Smith (24-2, 20 KOs), 29, a New Yorker from Long Island, said he respects Bivol (15-0, 11 KOs) but believes he can exploit Bivol's weaknesses.

"He's a great fighter and he's very busy [with his punches], but I believe there are a lot of things that are in my favor," said Smith, who visited the nearby International Boxing Hall of Fame with Bivol and posed for numerous photos with him Thursday. "I'm bigger than him. I believe I can be faster. And I'm gonna show that fight night. I definitely have a lot more power than him. I don't believe he has the power to hurt me with any punch.

"He is dangerous because he throws a lot of combinations, but sometimes he's really aggressive and throws wild shots, and I believe if I punch with him, I will land something of mine and I can hurt him."

The respect is mutual.

"Joe Smith is a good boxer, he is young and he throws a lot of punches -- it is a good match for both of us," Bivol said. "I gain experience in every fight I have had, and I will gain experience because of his style in this fight also. He has good power, but it is not his best quality. He has good speed and good combinations. I have watched many of Joe's fights, and he has good power. He tries to push his opponents to the ropes and beat them there."

The long layoff because of the jaw injury was frustrating for Smith, who had just started to earn six-figure purses.

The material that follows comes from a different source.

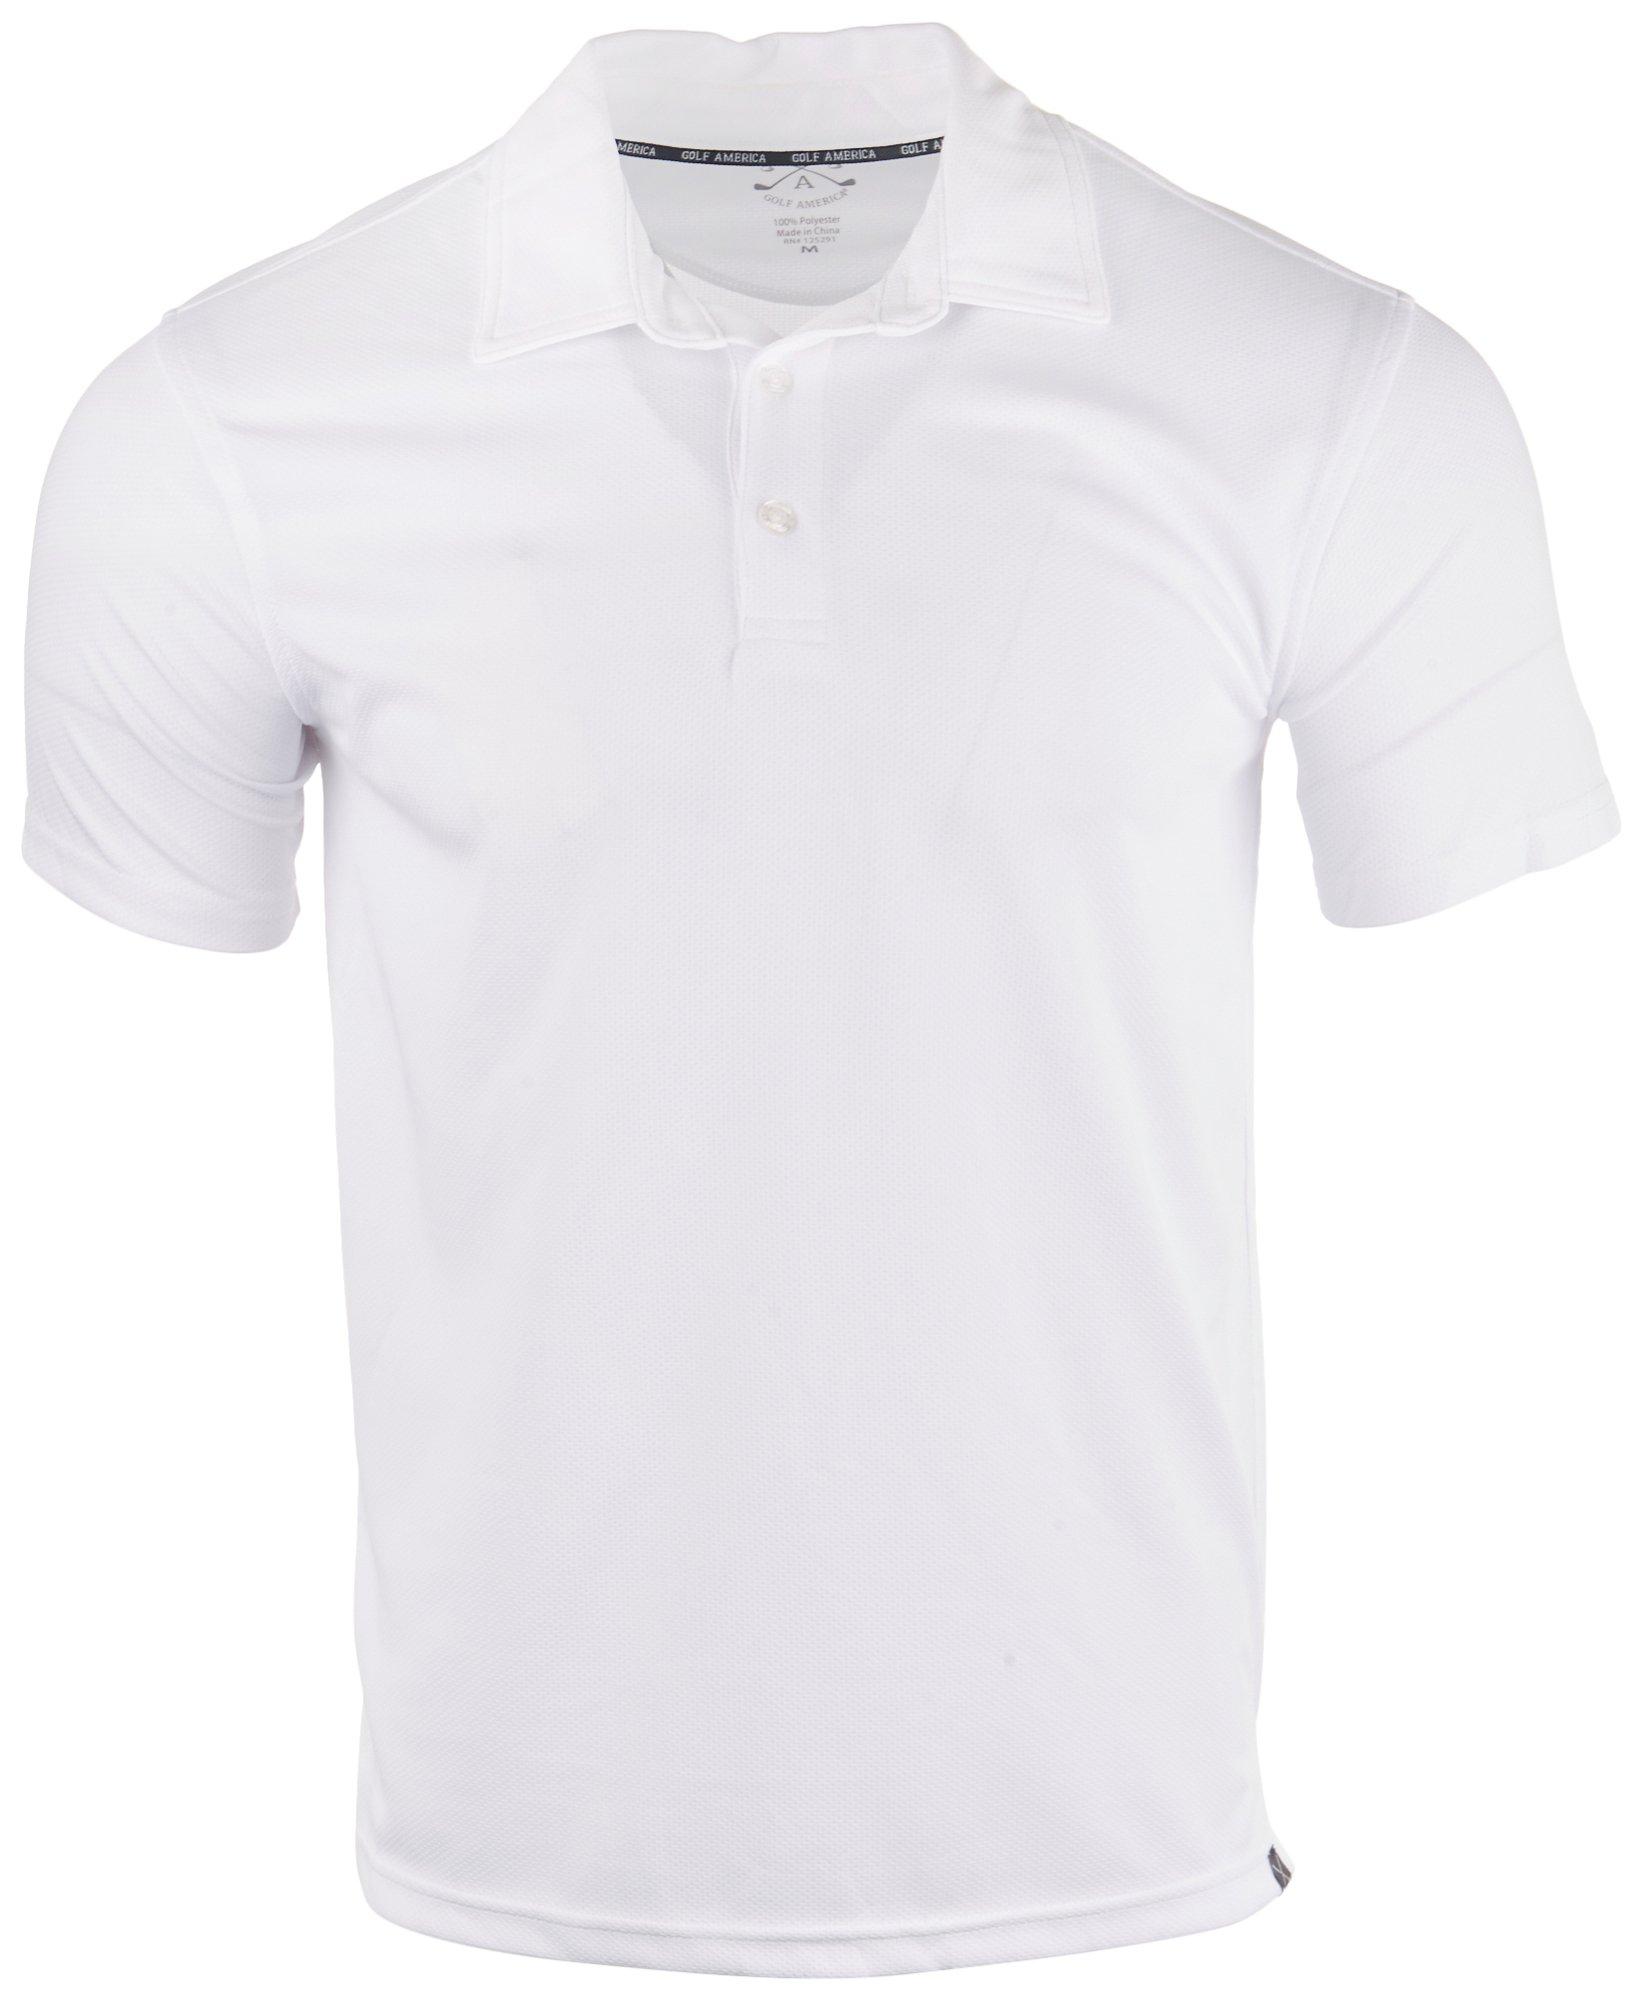 Golf America Mens Solid Knit Polo Shirt

"It sucked, and the injury was terrible," he said of recovering from the broken jaw. "It's a rough thing to go through, but I made it through it. When my jaw was healed up and the doctors gave me the OK to get back in the ring, I was already in the gym training. So once I had that OK, I wanted to fight right away to keep my rankings [with the sanctioning organizations]. I took a quick fight [with Russell], and I've been trying to fight since, but it kept getting postponed and fights just kept falling through. It seemed like a lot of guys just didn't want to fight me. And finally I got an opportunity, and it's a great one."

Besides Smith's boxing success, he endeared himself to many fans because of his blue-collar, everyman way -- common name, no-frills style, workmanlike attitude. DeGuardia even dubbed him "The Common Man," because he is also a labor union member who worked construction when not boxing.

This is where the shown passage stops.